Hackers manipulated six Cisco VIRL-PE servers already affected by critical SaltStack vulnerabilities.
Cisco fell prey to threat actors that managed to compromise six Cisco servers via two recently discovered vulnerabilities in SaltStack Salt.
Cisco went candid about the attack in an advisory and mentioned about vulnerabilities in Cisco Modeling Labs Corporate Edition (CML) and the Cisco Virtual Internet Routing Lab Personal Edition (VIRL-PE). The company mentioned these flaws were present in the open-source Salt management framework, which were deployed in Cisco network-tooling products.
More about the products
CML or Cisco Modeling Labs Corporate Edition is a product that offers a virtual sandbox environment to design and configure network topologies.

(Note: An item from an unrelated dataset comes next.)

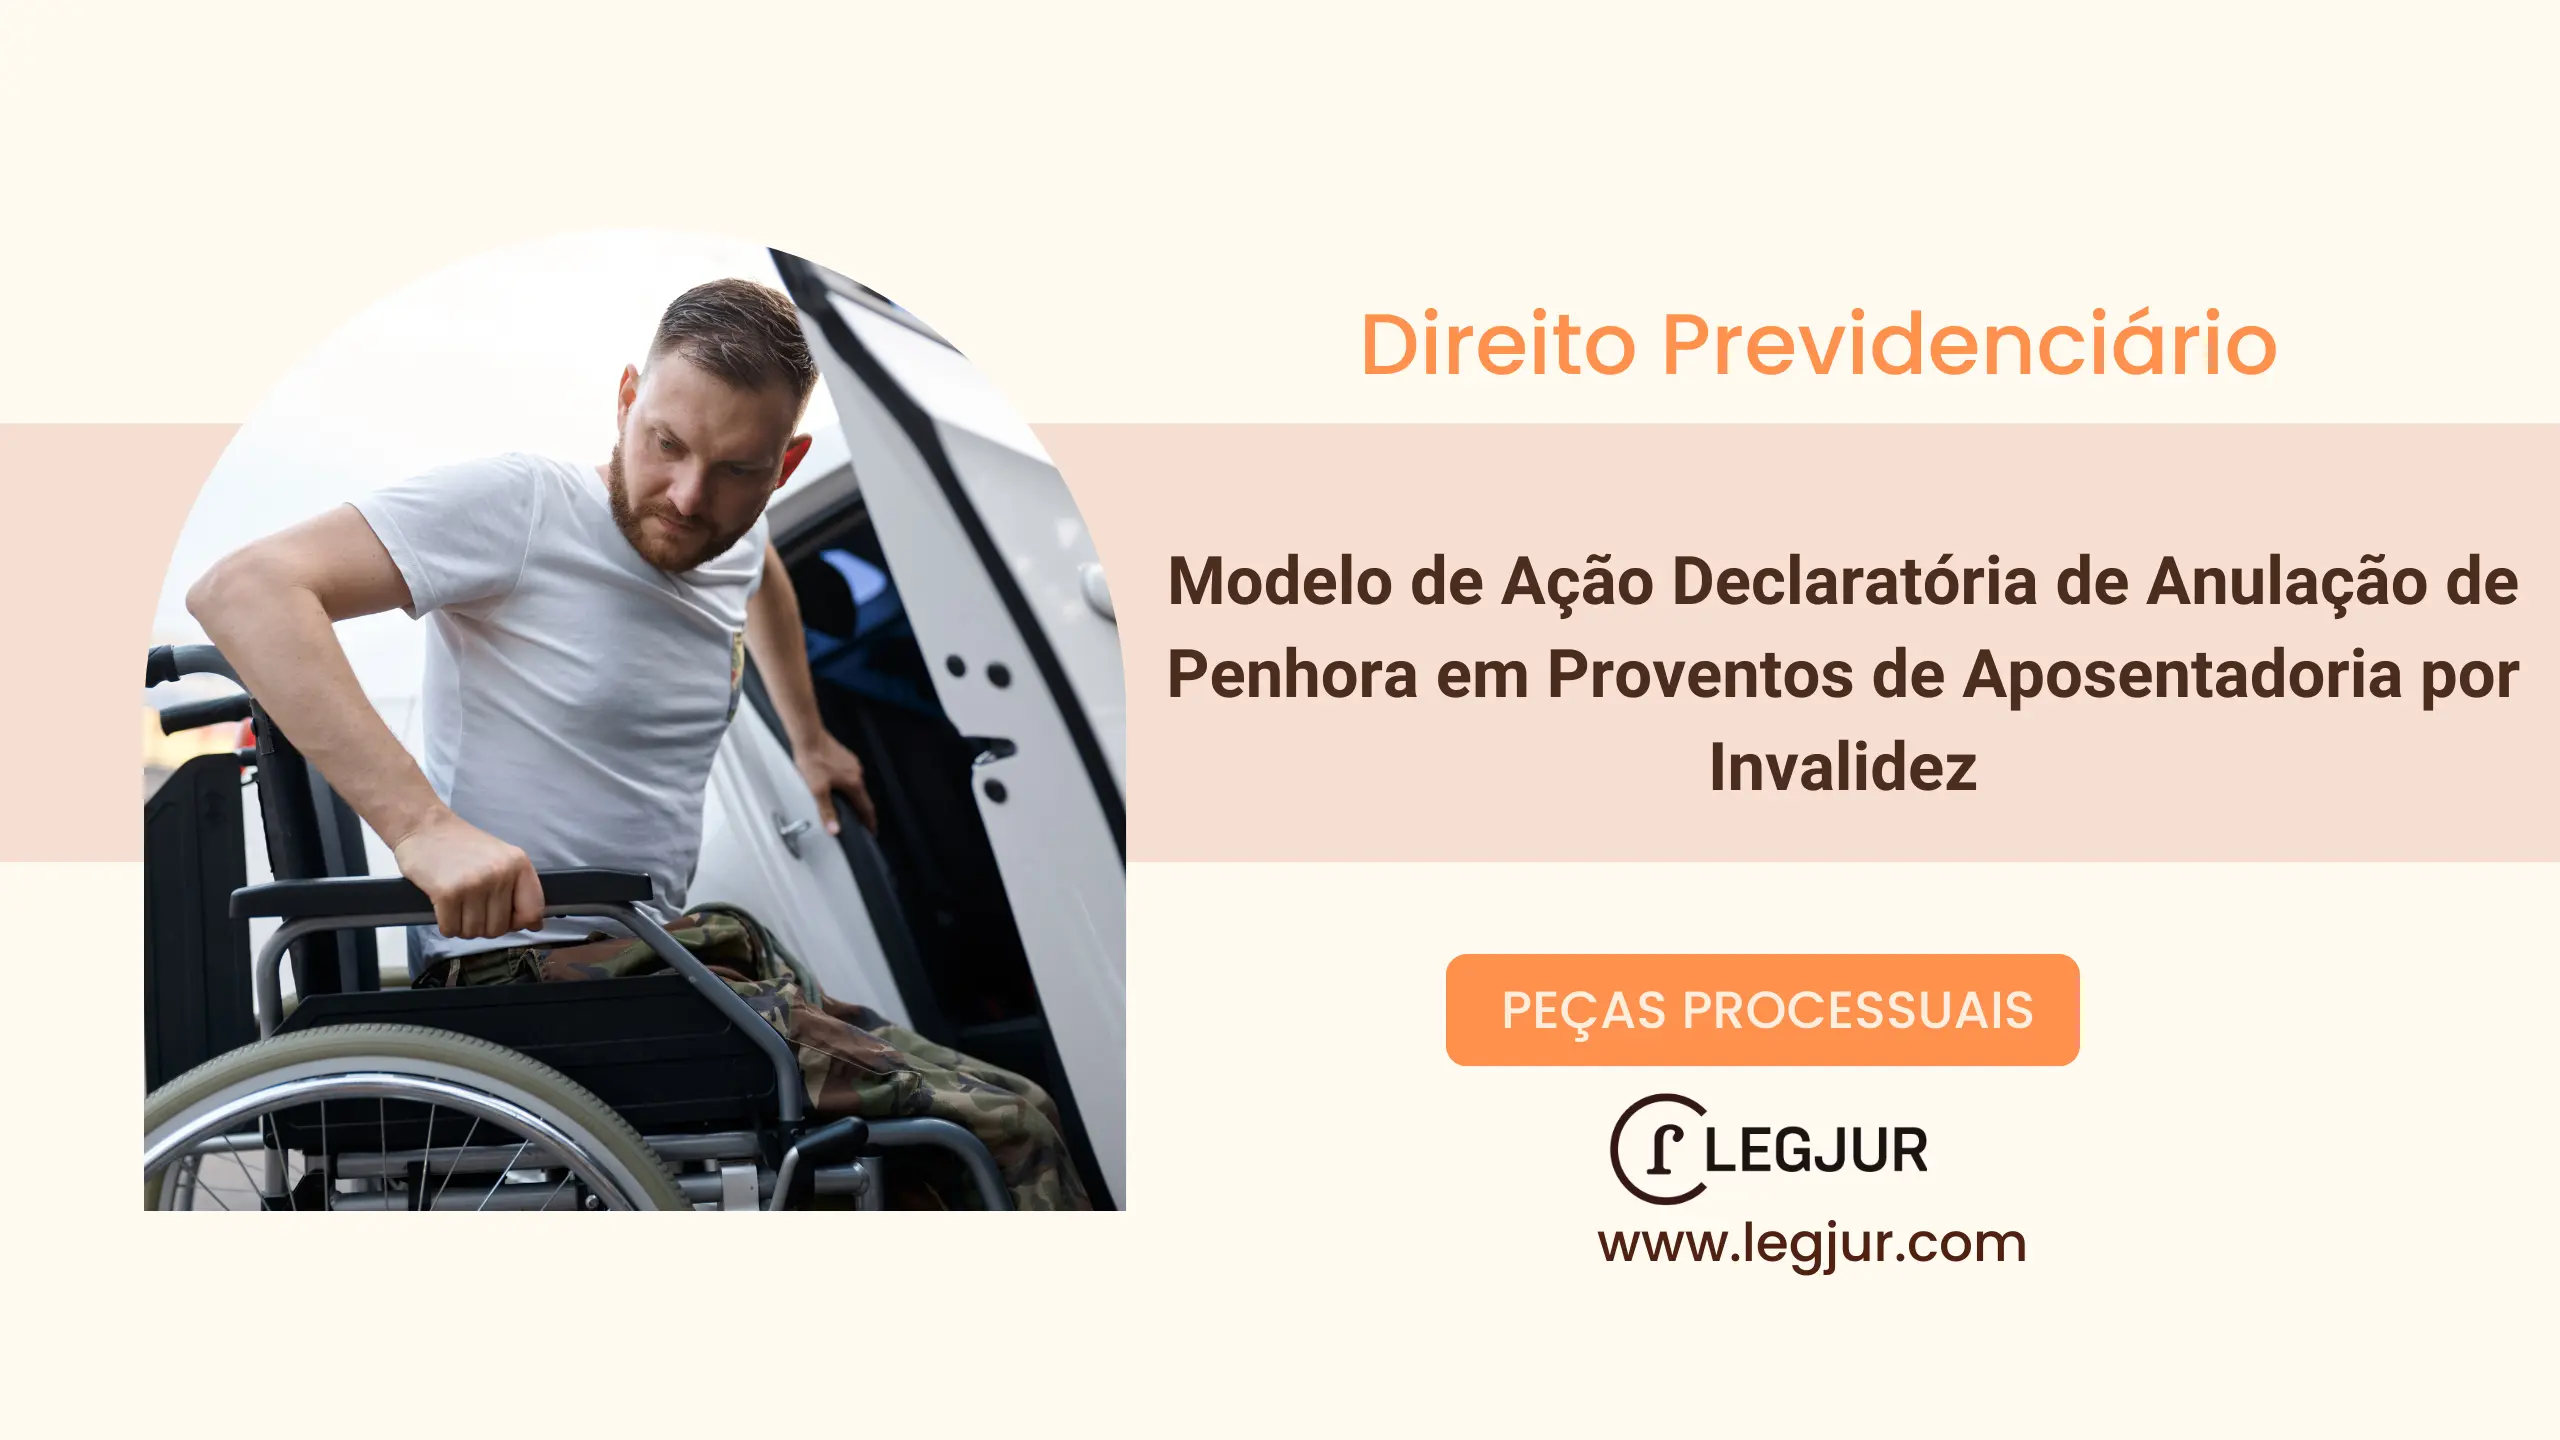 Modelo de Ação Declaratória de Anulação de Penhora em Proventos de Aposentadoria por Invalidez

Second in this list is VIRL-PE or Cisco Virtual Internet Routing Lab Personal Edition, which is extensively used to configure, design, and operate networks using versions of Cisco’s operating systems.
Amongst the two products, six servers of VIRL-PE were successfully exploited by hackers. Listed below are the servers – 1.virl.info, us-2.virl.info, us-3.virl.info, us-4.virl.info, vsm-us-1.virl.info and vsm-us-2.virl.info.
Details about the vulnerabilities
Earlier in May 2020, when the presence of two SaltStack vulnerabilities was announced by F-Secure, threat actors had proactively embarked on the journey to exploit them, and Cisco was amongst the victims.
More about the breach
As mentioned earlier, CML and VIRL-PE are the two products that were affected by a version of SaltStack vulnerabilities.
Cisco infrastructure maintained the salt-master servers used in VIRL were upgraded on May 7, 2020. Additionally, the tech giant identified that salt-master servers managed by the company to service Cisco VIRL-PE release 1.2 and 1.3 were compromised.
Cisco, on the same day, remediated affected servers with software updates to address these vulnerabilities to enable enterprise admins that installed these solutions on-premises.
Cisco did not reveal the final goal of the hackers; however, in previous attacks, the company mentioned that the intent was to install cryptocoin miners.